Records shown –
+ + +

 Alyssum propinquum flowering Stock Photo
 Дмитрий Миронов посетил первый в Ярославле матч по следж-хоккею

+ + +

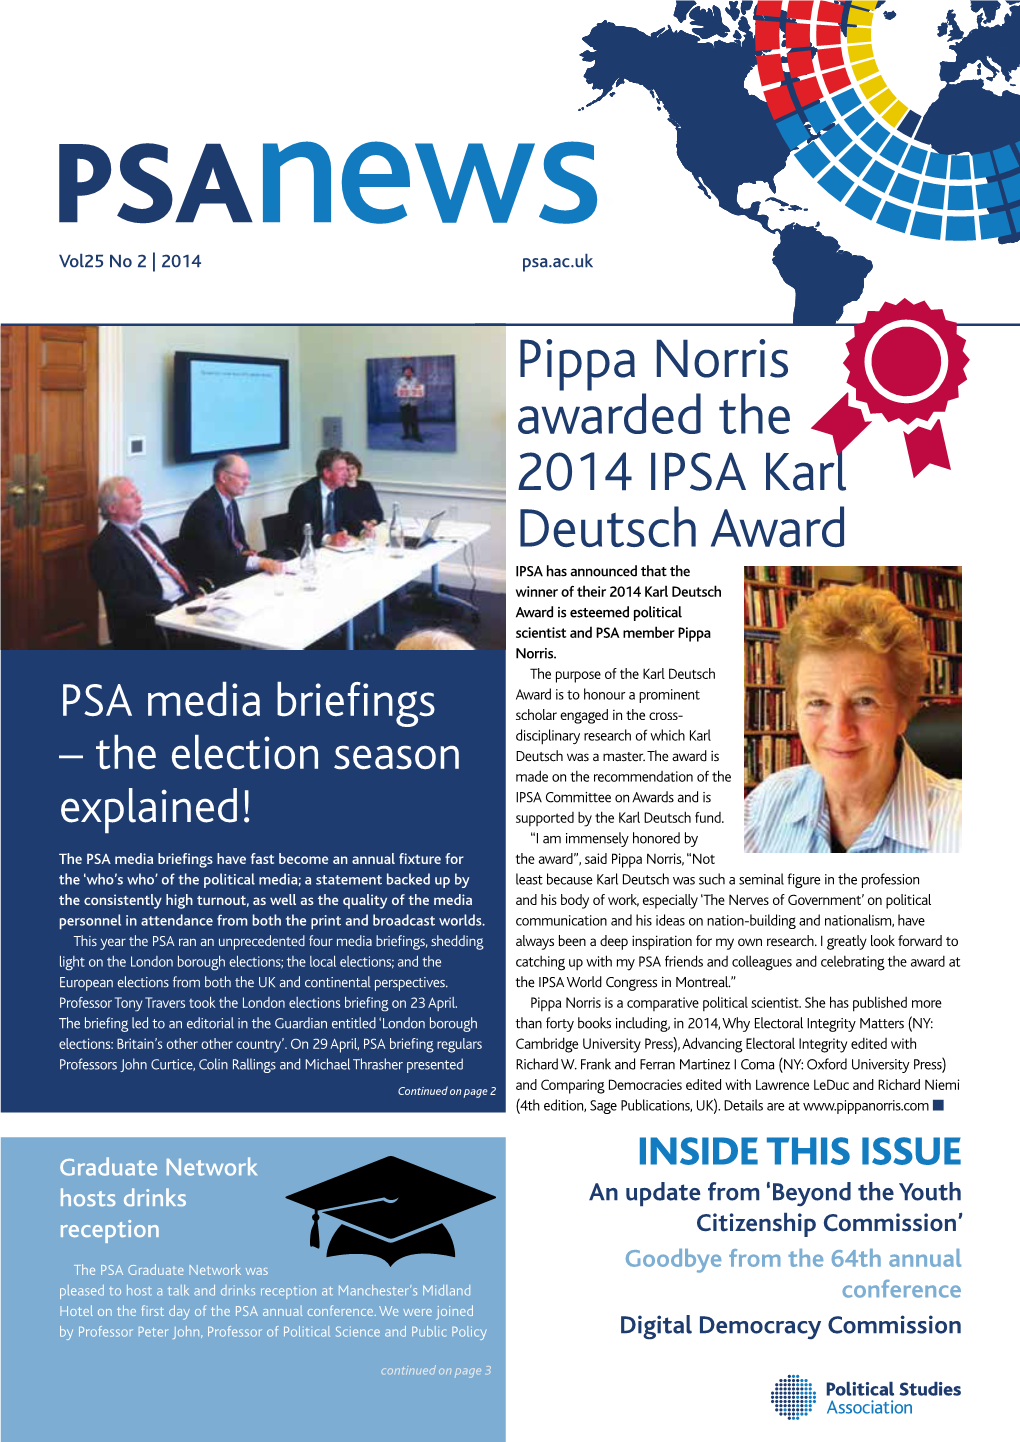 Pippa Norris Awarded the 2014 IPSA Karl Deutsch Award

+ + +

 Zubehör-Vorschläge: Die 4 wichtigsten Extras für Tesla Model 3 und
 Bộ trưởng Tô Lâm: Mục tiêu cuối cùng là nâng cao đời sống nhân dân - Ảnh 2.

+ + +

Work order –
Repeat exactly the lines of the listing above, from the one with "Alyssum propinquum flowering Stock Photo" down to the one with "Дмитрий Миронов посетил"; both of those lines belong in the range.

Expected answer –
 Alyssum propinquum flowering Stock Photo
 Дмитрий Миронов посетил первый в Ярославле матч по следж-хоккею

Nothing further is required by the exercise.